![]() |
Start time 6 AM. |
Nel mezzo, poco meno di sette ore di fatica: molto vento, neve sbattuta in faccia, canalini ghiacciati, ramponi che grattano sul granito, corde gelate a cui attaccarsi con le mani che diventano fredde sotto i guanti. Ma poi, passata la metà gara, alzando lo sguardo dalla traccia perfettamente diritta, ecco il Pian di Neve immenso e bianchissimo aprirsi in uno squarcio di sole, mentre l’Adamello appare e scompare immerso nella bufera.
Bello, bellissimo: e per un tempo indefinito le pelli scorrono talmente bene sulla pendenza comoda che lo sci non mi sembra più un’invenzione umana ma un naturale prolungamento delle gambe e dei piedi, l’unico modo possibile e logico per muoversi in questo strano luogo, candido e vastissimo.
Poi il cielo si richiude. Bufera e nebbia. Passo degli Italiani, scale, corde che si perdono nel bianco, equilibrio instabile, poi si rimettono gli sci e giù nel nulla seguendo le paline.
Altro squarcio: giù a uovo verso l’ultima piazzola, là in alto c’è Passo Venezia.
La socia Maddalena Mognetti sente il traguardo farsi vicino e riprende vita, mentre io arranco pensando a quanto vorrei avere nello stomaco un panino e una birra invece di due datteri e un gel. Saliamo e c’è già qualche concorrente fermo, accasciato sui bastoni. Lo imito, mi fermo un attimo e sorrido in un ghigno di stanchezza. Alè! La cima è là e aspetta noi, ci chiamano e ci incitano, ancora un passo. Al Venezia non è finita, altra salitella per scollinare verso il Pisganino: ancora a uovo nel nulla e poi ecco molte formiche salire ordinate verso l’ultimissima fatica di giornata. Cortissima e lunghissima nello stesso tempo. Nevica. Non si vede nulla. Si scollina con gli sci in mano attaccati all’ennesima corda. Su gli sci, giù le pelli, discesa, l’ultima, finalmente un minimo di relax quando la visibilità migliora.

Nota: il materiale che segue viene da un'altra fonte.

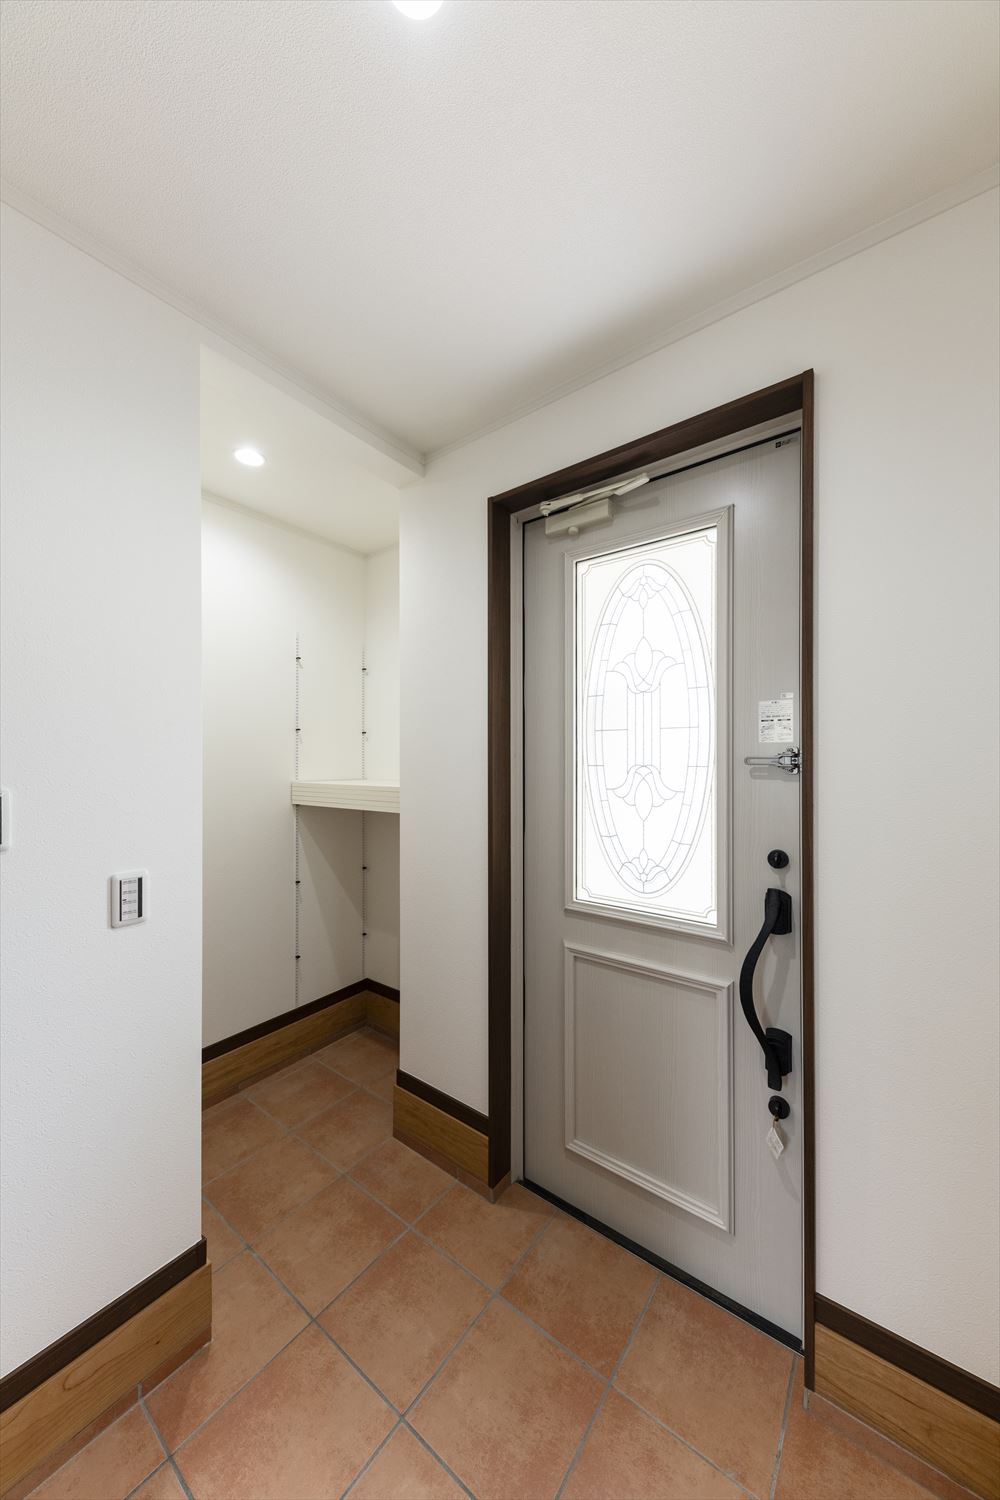 玄関ドアの大きな窓が明るく開放感のあるエントランス空間を演出。

La socia va dritta mentre io, come dice lei, mi perdo a fare un po’ di curve: neve bella poi neve dura, canalino ripido con gobbe, divertente, prendiamo due concorrenti e poi altri due, poi una coppia femminile: è la fine, perché significa che finita la neve, dovremo davvero correre come Forrest per non farci prendere.

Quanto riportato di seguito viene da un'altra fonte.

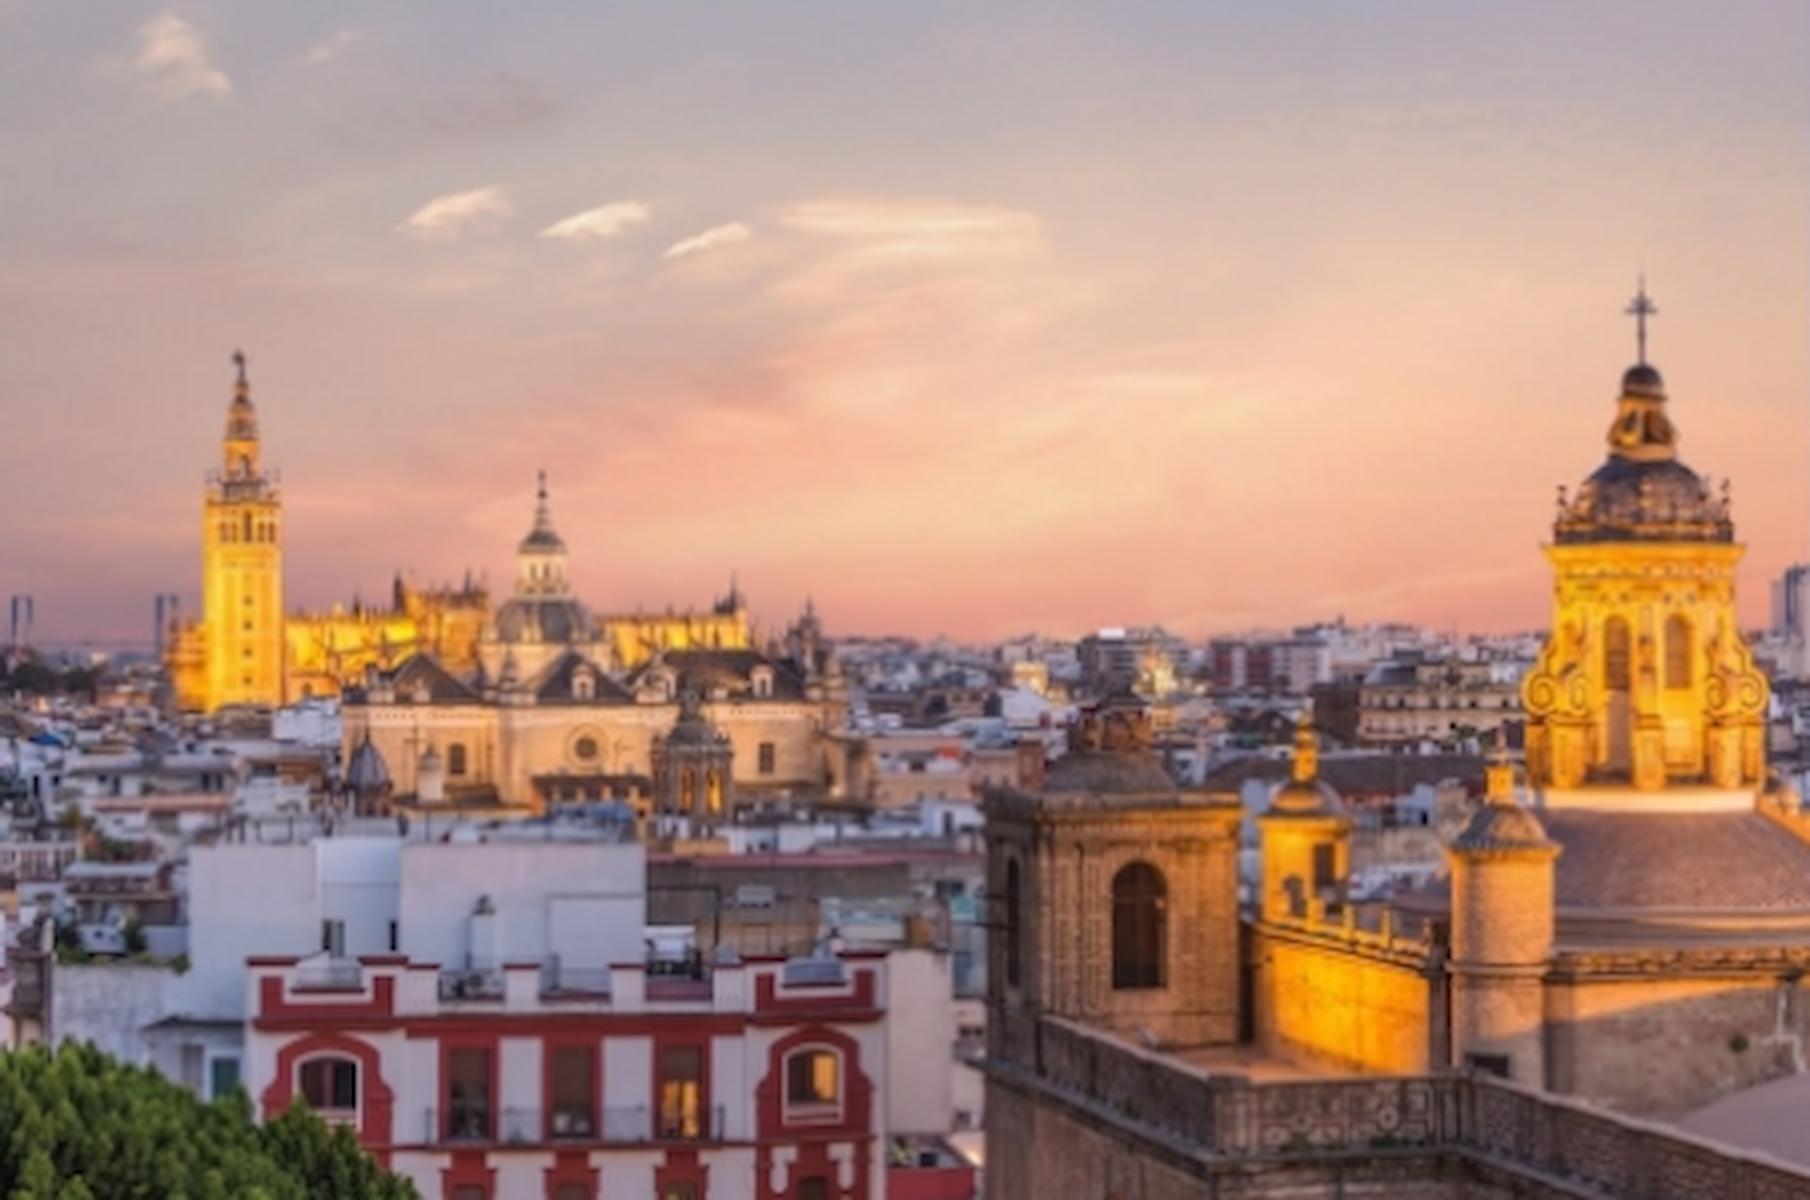 Mantenimiento de alcantarillado en edificios públicos en Sevilla: un problema, una solución y el trabajo de Conlima - Conlima

Ruscello, boschetto rado con rami, sassi e pozze azzurrine.
A circa duemila metri di quota la striscia di neve finisce all’improvviso. Sci nello zaino, giù di corsa. Neve, sassi, fanghiglia. Mio papà tifoso a bordo stradina ci saluta e ci vede sparire. Sentierino nel bosco morbido di aghi. Divertente. Quanto manca? Arriva qualcuno dietro? Superiamo altri concorrenti. Da una radura si intravede il paese: lontano. Gambe di legno. Ma se caliamo ci prendono! Altra radura, neve, altri tifosi, fango, arbusti, non può mancare tanto eppure…dopo un tempo lunghissimo e molte preghiere alla socia podista per farla rallentare, ecco apparire la striscia di neve della pista. Momento di sollievo relativo, a uovo nella neve marcia. Dura poco, neve finita, di nuovo di corsa sulla ciclabile con gli scarponi che sbattono ovunque e gli sci che sballonzolano nello zaino. Ponticello in legno che avevo guardato molti mesi fa pensando a questo momento. I momenti poi arrivano sempre, a ognuno il suo. Curva a sinistra ed eccoci: arco del traguardo rosso come quello della partenza di questa mattina. La corsa è finita e le gambe pure.
L’Adamello è un posto speciale, e quello che penso rispetto a una gara come questa potete leggerlo nel mio articolo appena uscito su Orobie di aprile, specialmente nell’ultima parte.
Per tutto il resto…grande giornata, grande socia, grande soddisfazione e grandissimo mal di gambe!